Pionier Sylvia van Gulik

Ze zijn de pioniers van Van Gogh Nationaal Park: gewone Brabanders die het leven een beetje mooier willen maken. Met nieuwe projecten jagen zij hun dromen na voor een groenere omgeving of nieuwe manieren van leven en werken. Een kwestie van doen. 

Wie: Sylvia van Gulik

Geboren: Dordrecht

Woonplaats: Boxtel

Beroep: Programmamanager waterschap

Mooiste plek in Van Gogh Nationaal Park: ‘De Dommelbimd natuurlijk!’

Pionier

‘Kijken naar wat wél kan’

Sylvia van Gulik

Toen er 6,5 hectare natuur te koop kwam aan de rand van Boxtel, kregen buurtbewoners Sylvia van Gulik, Joost van Liebergen en Toine Cooijmans een onmogelijk idee: ‘Als we dat nou eens zelf kopen...’ Wat aanvankelijk leek op hardop dromen, ontpopte zich als een prachtig én haalbaar plan. Met de uitgifte van certificaten, subsidie en crowdfunding werd het geld binnengehaald. ‘Wat de deelnemers terugkrijgen voor hun investering in de Dommelbimd? Een goed gevoel en een stuk natuur dat voor hun kinderen en kleinkinderen bewaard blijft.’

Waarom was dit stukje groen voor jullie zó belangrijk?

‘Het terrein ligt tegen onze wijk aan. Iedereen uit de buurt kent het. Je wandelt of fietst er langs, ziet de velden, de bomen, het water. Dan kun je wachten tot iemand anders het koopt om daarna met veel negatieve energie de plannen voor bijvoorbeeld een parkeerplaats aan te vechten óf je kunt alle energie steken in iets positiefs. Dat laatste is veel leuker.’

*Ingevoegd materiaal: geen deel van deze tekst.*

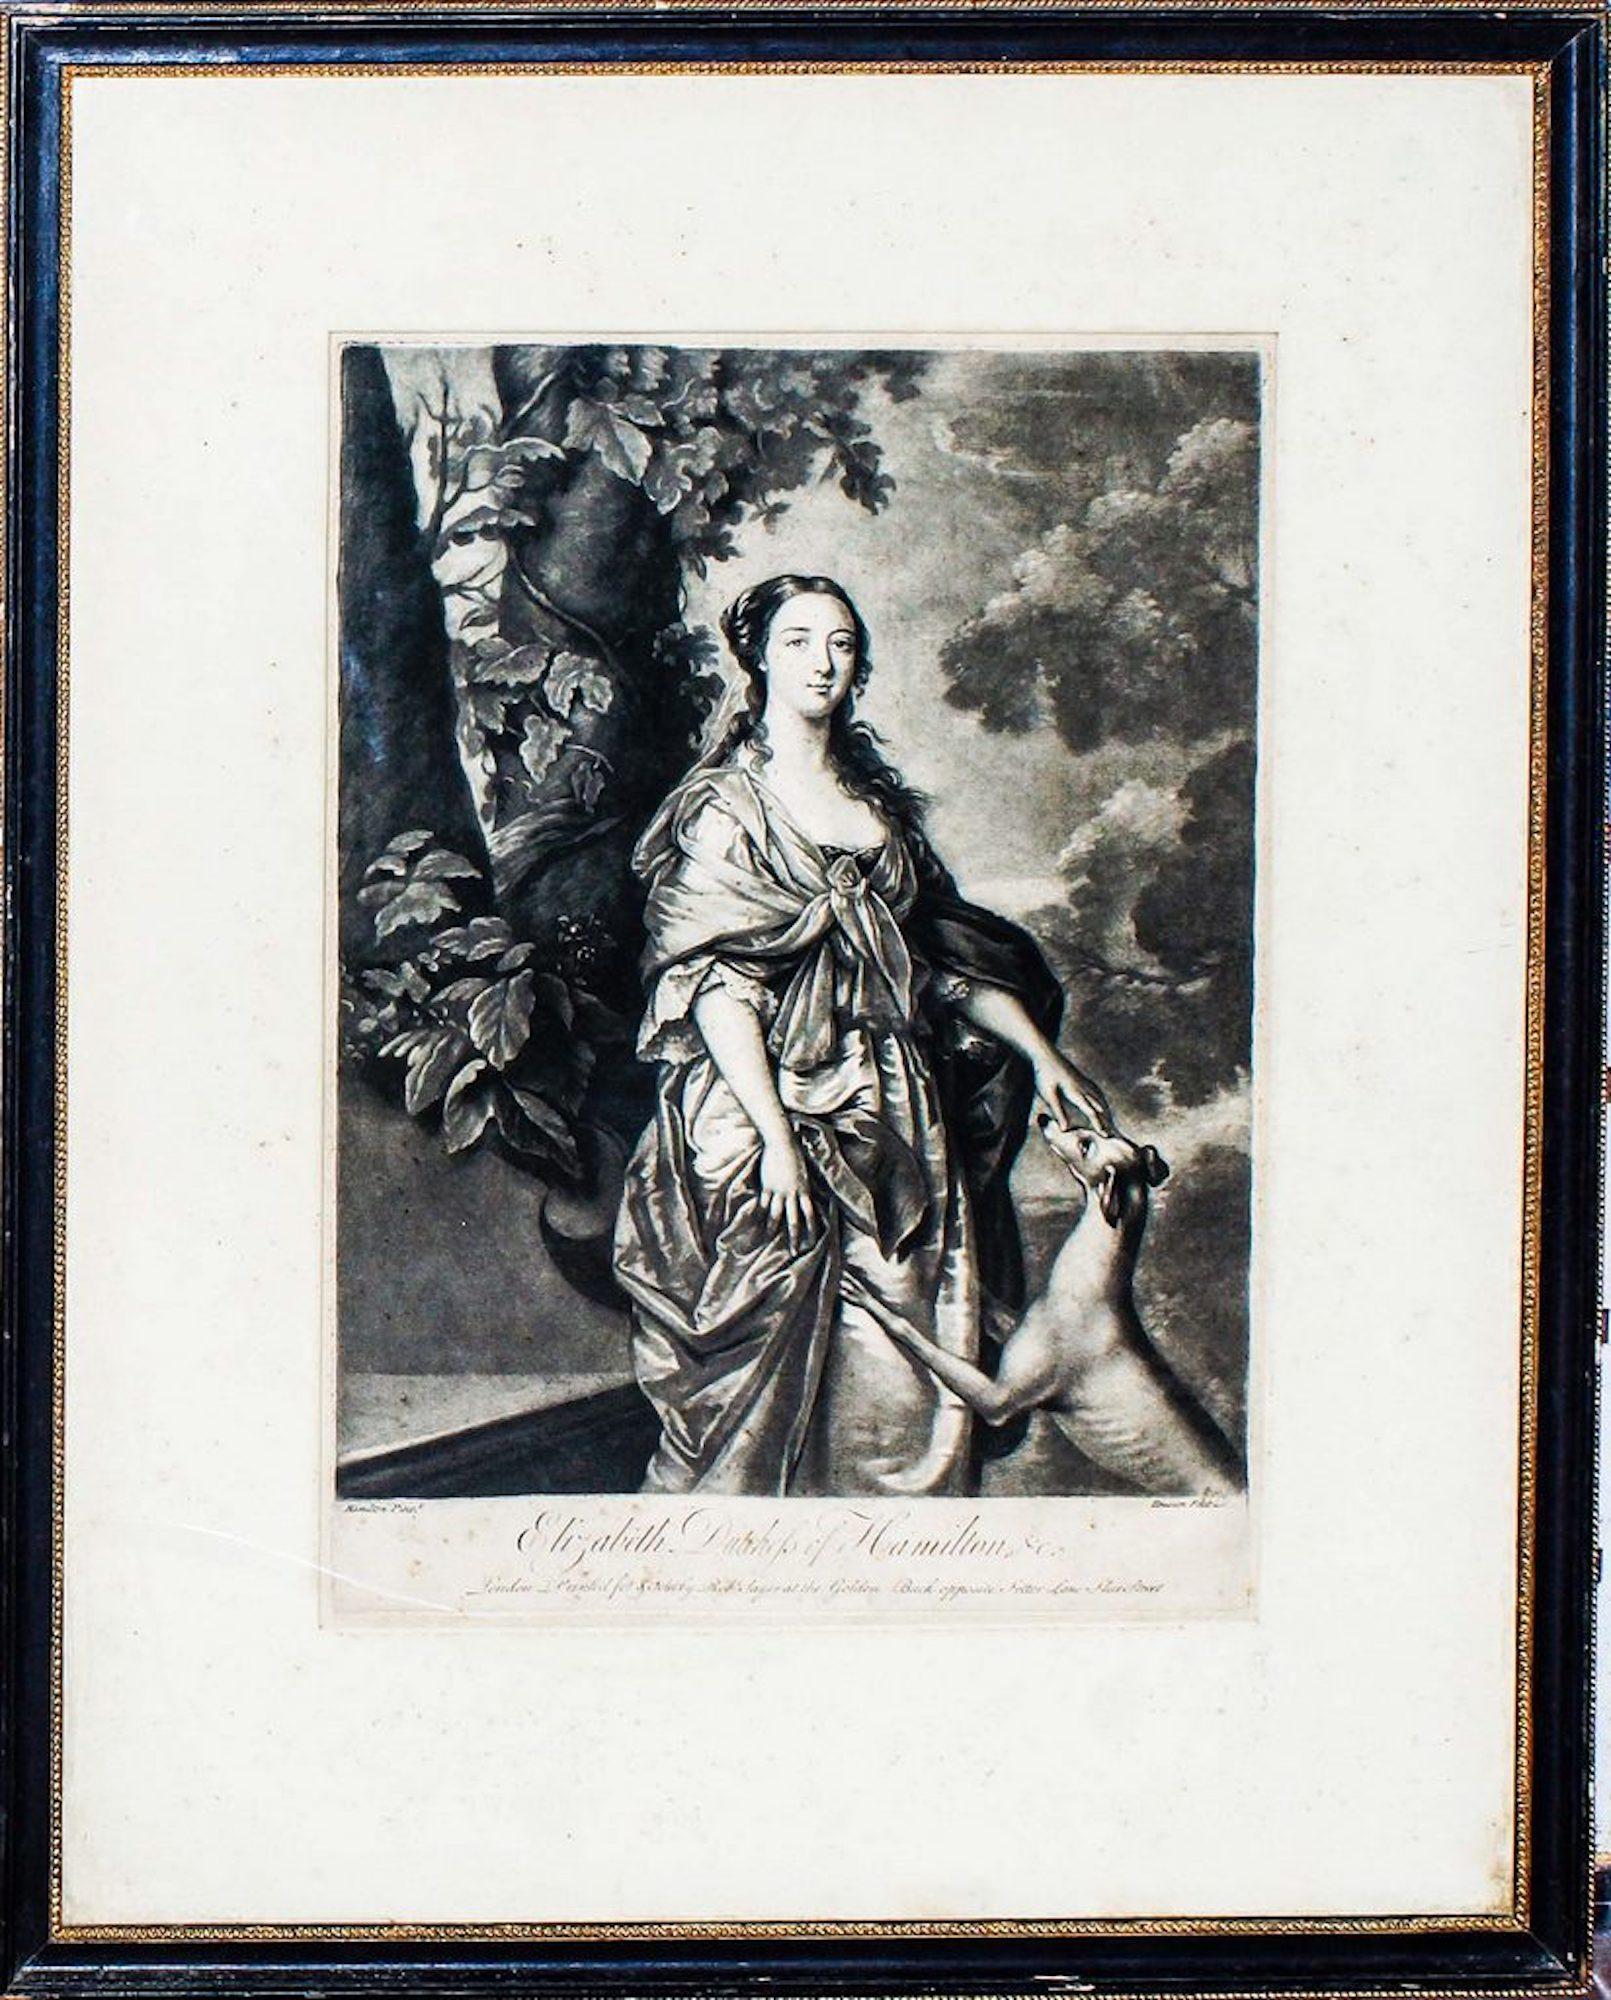 Sir William Hamilton Figurative Print - Elizabeth Duchess of Hamilton - Etching by W. Hamilton - Late 1700

Hoe haal je in een gewone buurt zoveel geld op dat je grond kunt kopen?

‘Daar hebben we wel een nacht van wakker gelegen. Anderen hebben ons er van overtuigd dat dit in een dorp met 30.000 inwoners geen probleem zou zijn. Met de uitgifte van certificaten van duizend euro hadden we tussen de 250 en 300 donateurs nodig. Onze uitdaging zat ‘m vooral in de tijd. We moesten binnen negen dagen een bod uitbrengen… We zijn toen met Brabants Landschap in contact gekomen en die hebben het terrein gekocht op voorwaarde dat wij het binnen twee jaar zouden overnemen.’

Kopers van een certificaat zijn nu eigenaar van een stuk groen?

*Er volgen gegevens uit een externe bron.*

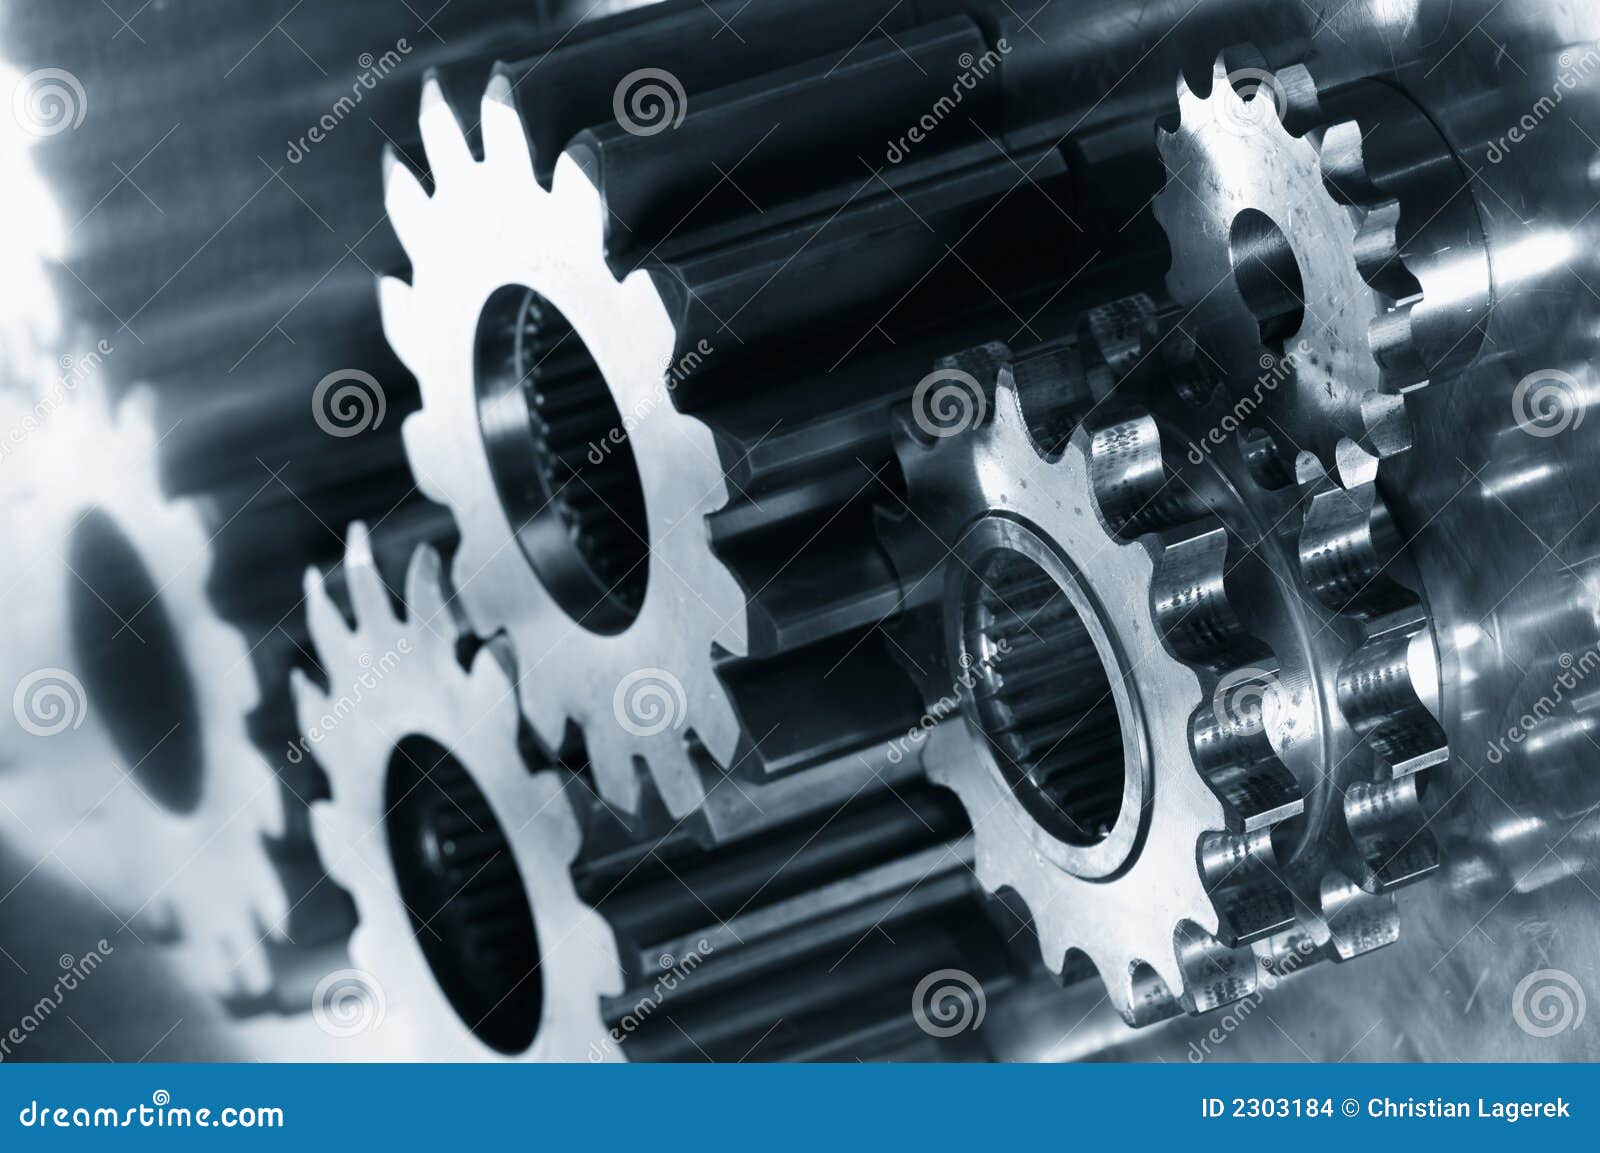 gear-mechanism in dark blue

‘Nee, de grond is eigendom van de stichting Dommelbimd. De deelnemers hebben vooral een goed gevoel gekocht. En we doen leuke dingen voor ze. Het geld is overigens op allerlei verrassende manieren binnengekomen. We zijn groepscertificaten gaan uitgeven zodat meer mensen mee konden doen, hebben subsidies gekregen en het Prins Bernhard Cultuurfonds stelde een groter bedrag ter beschikking dan we hebben gevraagd omdat ze het zo’n fantastisch initiatief vonden. Een voorbeeld van burgerparticipatie, vergroening, verbeteren van je leefomgeving.’

Waren jullie verrast door de grote belangstelling?

‘Nee, wel door alle verhalen en gemeenschapszin achter de schenkingen. Zo was er iemand uit Zoetermeer die hier op het seminarie had gezeten en goede herinneringen had aan dit gebied. Die maakte zo duizend euro over. Anderen meldden zich met de vraag of ze ook samen een certificaat konden kopen. Het gaf een geweldig positief gevoel.’

Hoe voelt dat, je eigen natuurgebied?

‘Voor ons is de Dommelbimd natuurlijk het mooiste stukje Brabant! Het is alle energie die we erin hebben gestoken dubbel en dwars waard. Er zijn weinig van zulke unieke en pure natuurgebieden die zo dicht tegen een dorp aanliggen. Met natte hooilanden, hogere weidegrond, dijkjes en kwelwater. Je gaat vijftig jaar terug in de tijd. Bovendien is het nu voor iedereen toegankelijk. We hebben verderop zelfs een hectare natuur erbij gekocht, die we met de Dommelbimd gaan verbinden.’

Ben je zelf een buitenmens?

‘Ik ben een landschapsmens. Het gaat mij om het vrije gevoel van de openlucht. Dat kan hier langs de Dommel zijn, maar bijvoorbeeld ook in de polders rond Dordrecht waar ik op een flat ben opgegroeid. De natuur staat in Nederland enorm onder druk, toch ben ik ervan overtuigd dat we met een beetje goede wil en genoeg geld een balans kunnen vinden.’

De flatbewoner die nu boswachter speelt.

‘Nee hoor. Voor het beheer en onderhoud werken we samen met de Natuurwerkgroep Boxtel. Die hebben de kennis, de vrijwilligers en het materiaal. Maar we leren zelf wel elke dag bij. De natuur laat zich niet dwingen, je moet meebewegen. Het ene jaar is het nat, het andere droog. Dat heeft allemaal invloed.’